Binary search method Java code:

public class BinarySearch {
    private BinarySearch(a) {}/** * Nonrecursive algorithm for binary lookup: Returns target's index in the ordinal group data, or -1 ** if not@param data
     * @param target
     * @param <E>
     * @return* /
    public static <E extends Comparable<E>> int search(E[] data, E target) {
        int l = 0, r = data.length - 1;

        while (l <= r) {
            int mid = l + ((r - l) >> 1);

            if (target.compareTo(data[mid]) == 0)
                return mid;
            else if (target.compareTo(data[mid]) > 0)
                l = mid + 1;
            else
                r = mid - 1;
        }
        return -1;
    }

    /** * Binary search recursive algorithm: returns target's index in the ordinal group data, or -1 ** if not@param data
     * @param target
     * @param <E>
     * @return* /
    public static <E extends Comparable<E>> int searchR(E[] data, E target) {
        return searchR(data, 0, data.length - 1, target);
    }

    private static <E extends Comparable<E>> int searchR(E[] data, int l, int r, E target) {
        if (l > r)
            return -1;

        int mid = l + ((r - l) >> 1);

        if (data[mid].compareTo(target) == 0)
            return mid;
        if (target.compareTo(data[mid]) > 0)
            return searchR(data, mid + 1, r, target);

        return searchR(data, l, mid - 1, target); }}Copy the code

The implementation of binary lookup algorithms seems very simple now, so why was the implementation of binary lookup buggy before 1962?

The main bug in this is the way to write the median mid.

The previous code was written like this:

int mid = (l + r) / 2;
Copy the code

In the case that L and R do not overflow, we cannot guarantee that L + R does not overflow.

So, the improved code is written like this:

// int mid = l + (r - l)/2;
int mid = l + ((r - l) >> 1);
Copy the code

In this way, we can guarantee the problem of data overflow range in calculation when L and R are very large.

Four:

In this article, I introduced binary search tree data structure and its code implementation, and also introduced binary search algorithm.
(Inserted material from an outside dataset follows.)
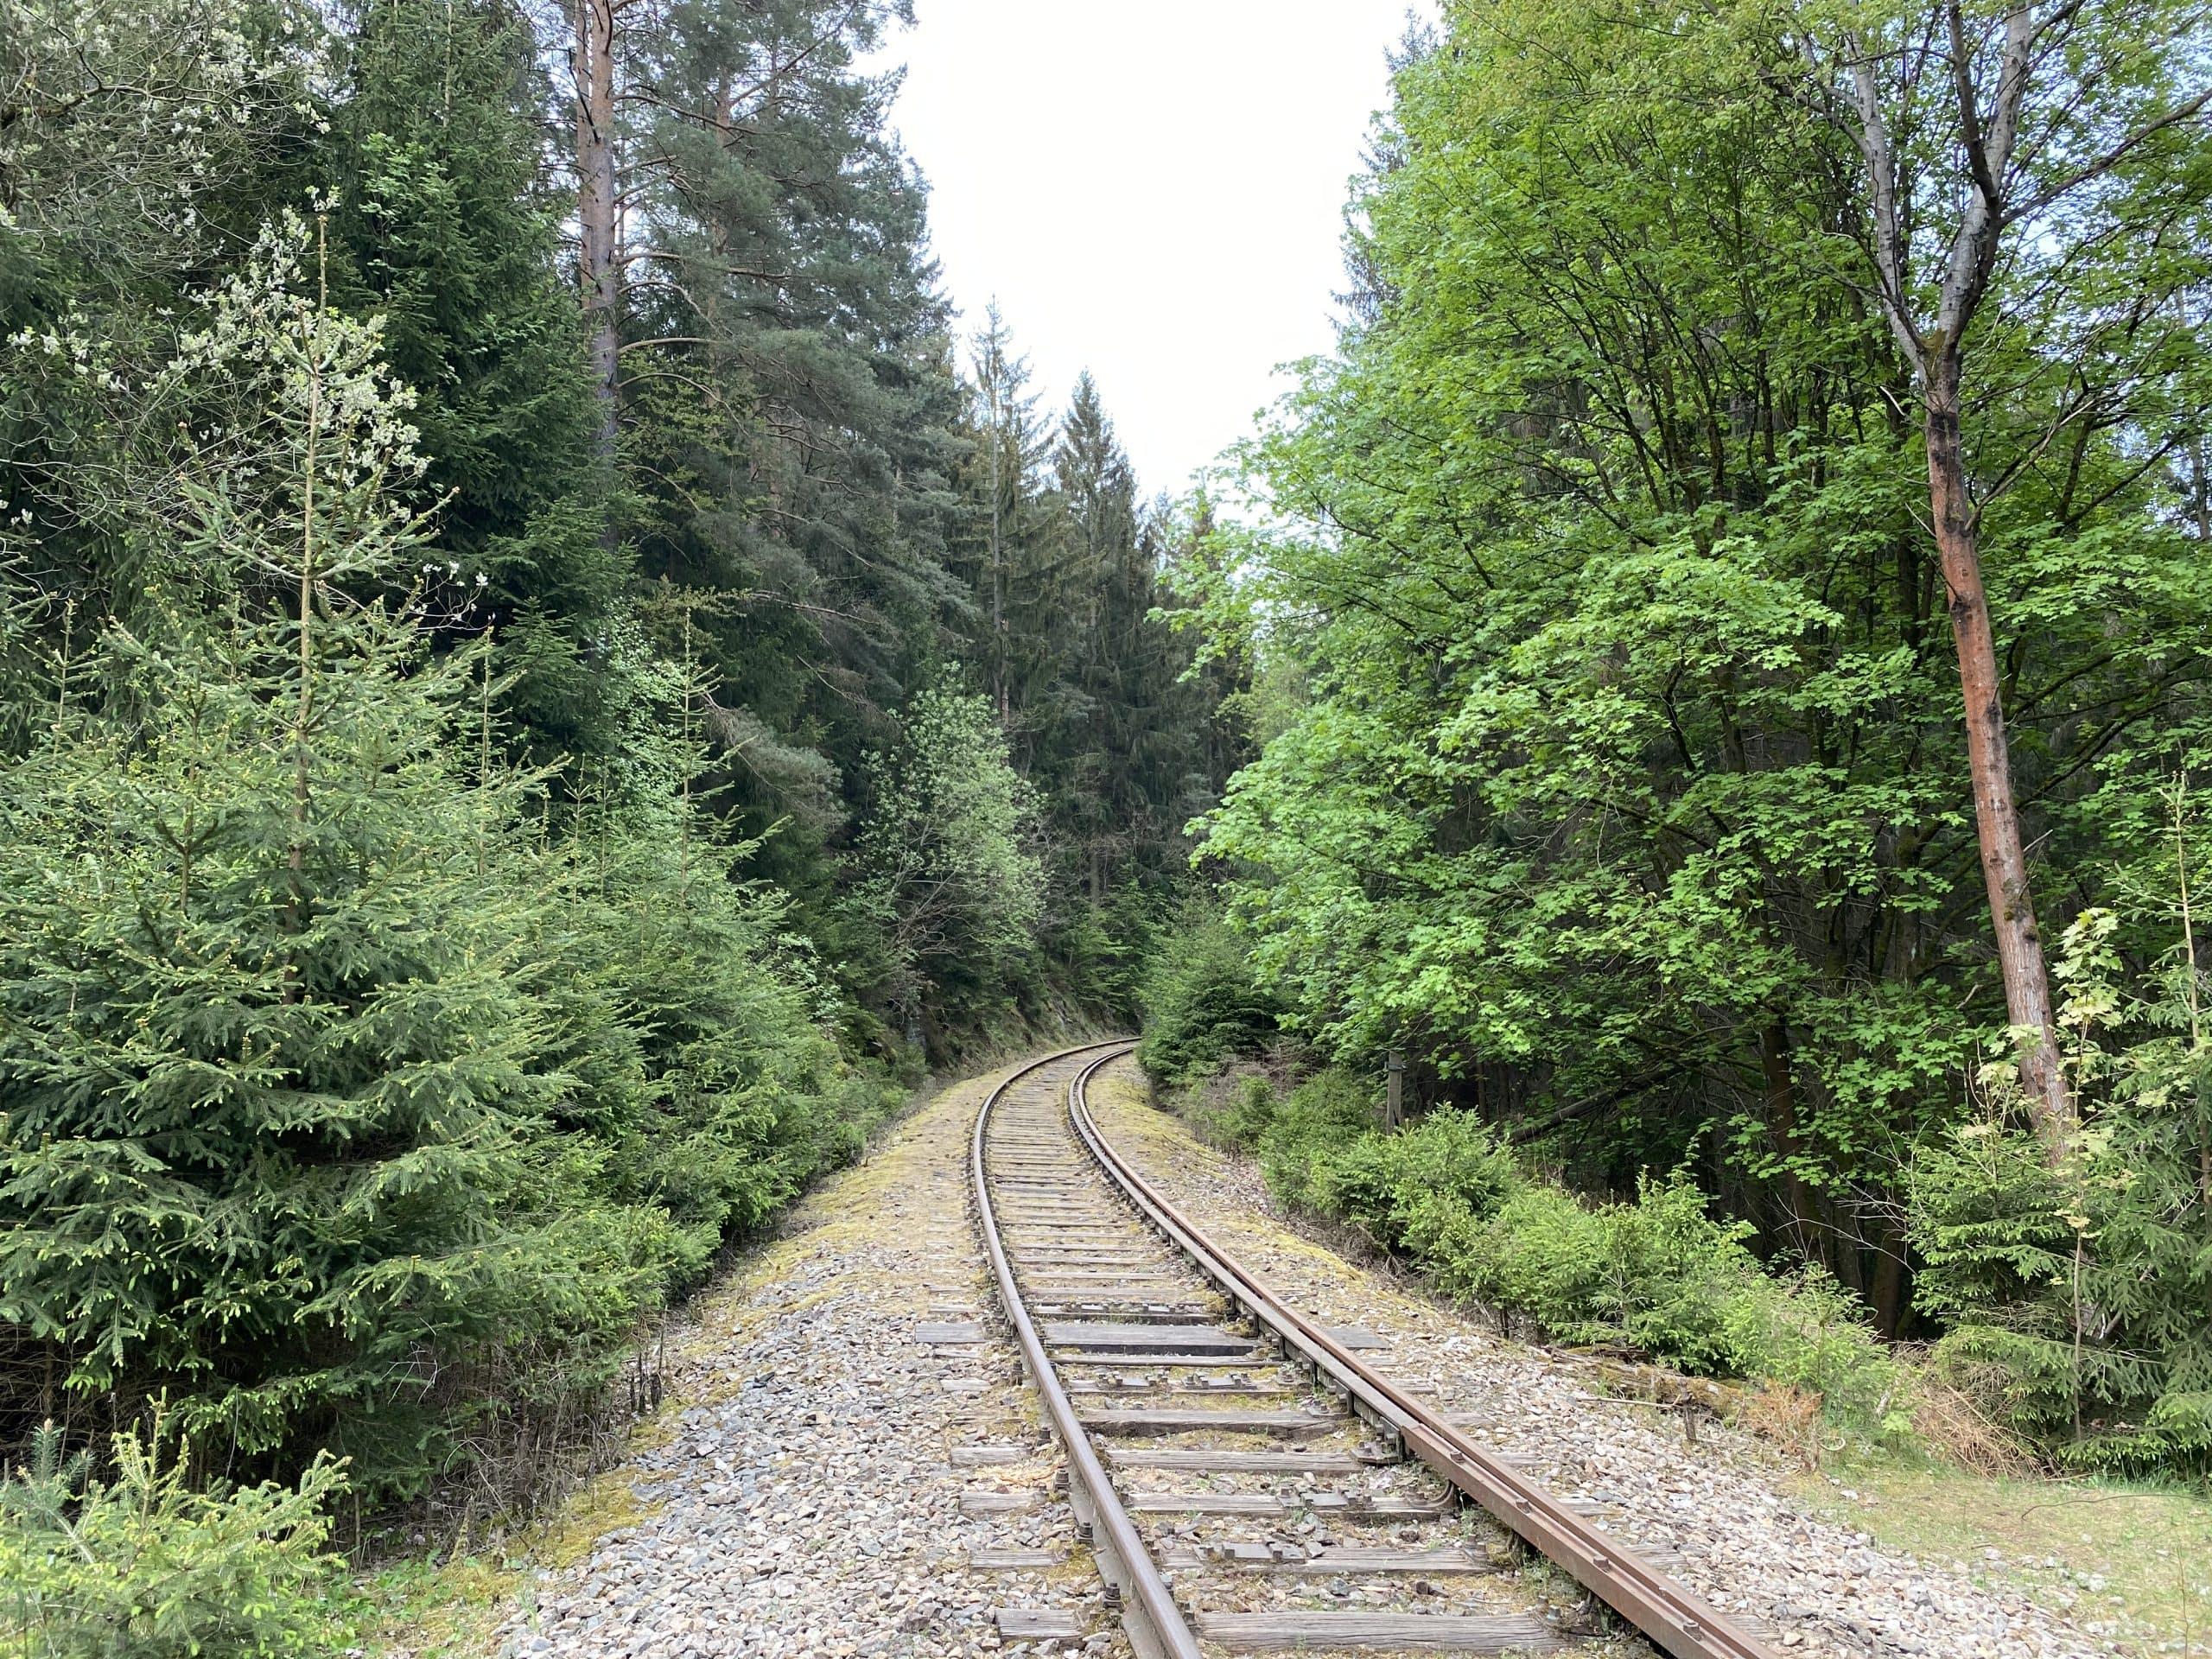 ©Foto: Jan Krehl   railmen   Gleise im Wald von Ziemestal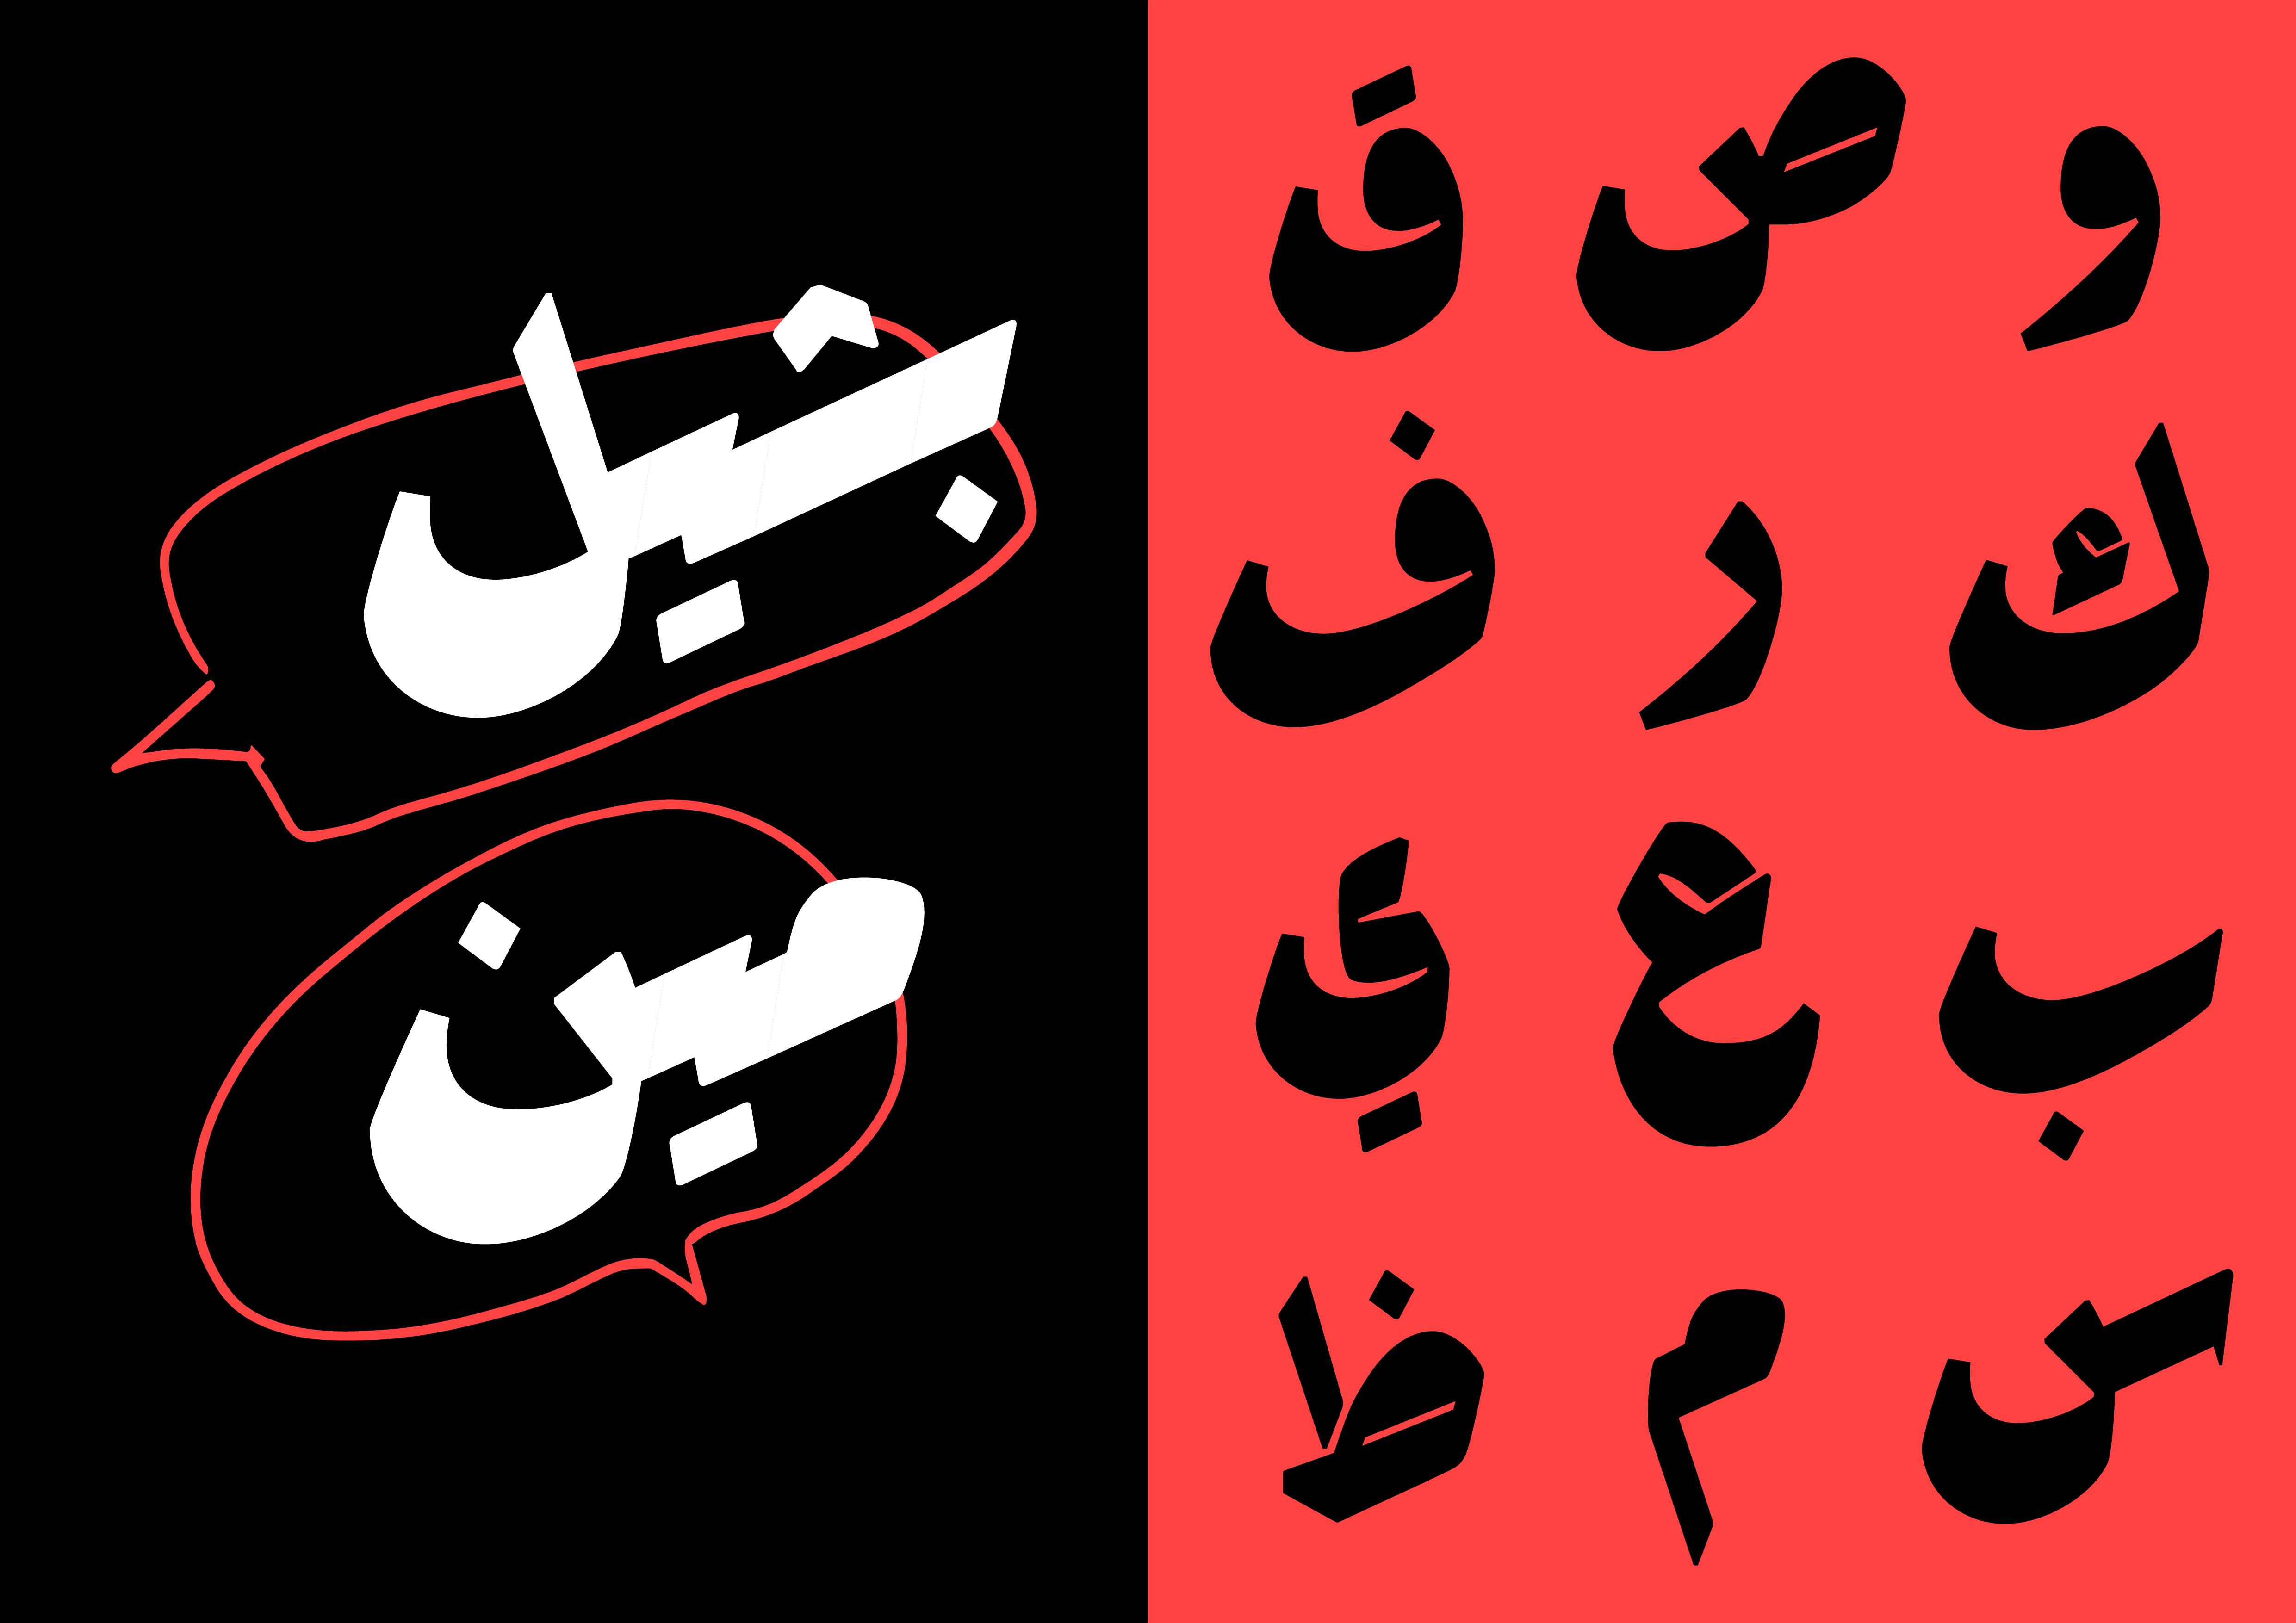 daght typeface.

As you can see, binary search and binary search tree data structures are inextricably linked in nature.

However, binary search tree is not a balanced binary tree, so in the extreme case of given data, binary search tree will degenerate into a linked list, which seriously reduces its add, delete, change and query performance.

I’m going to introduce you to some balanced binary trees later, and we can explore how these balanced binary trees are optimized from the binary search tree.

Links to the code used in this article:

Github.com/jinrunheng/…

Ok, so far, this article I will introduce the end ~ welcome to pay attention to my public number [kim_talk], here I hope you can harvest more knowledge, we see you next issue!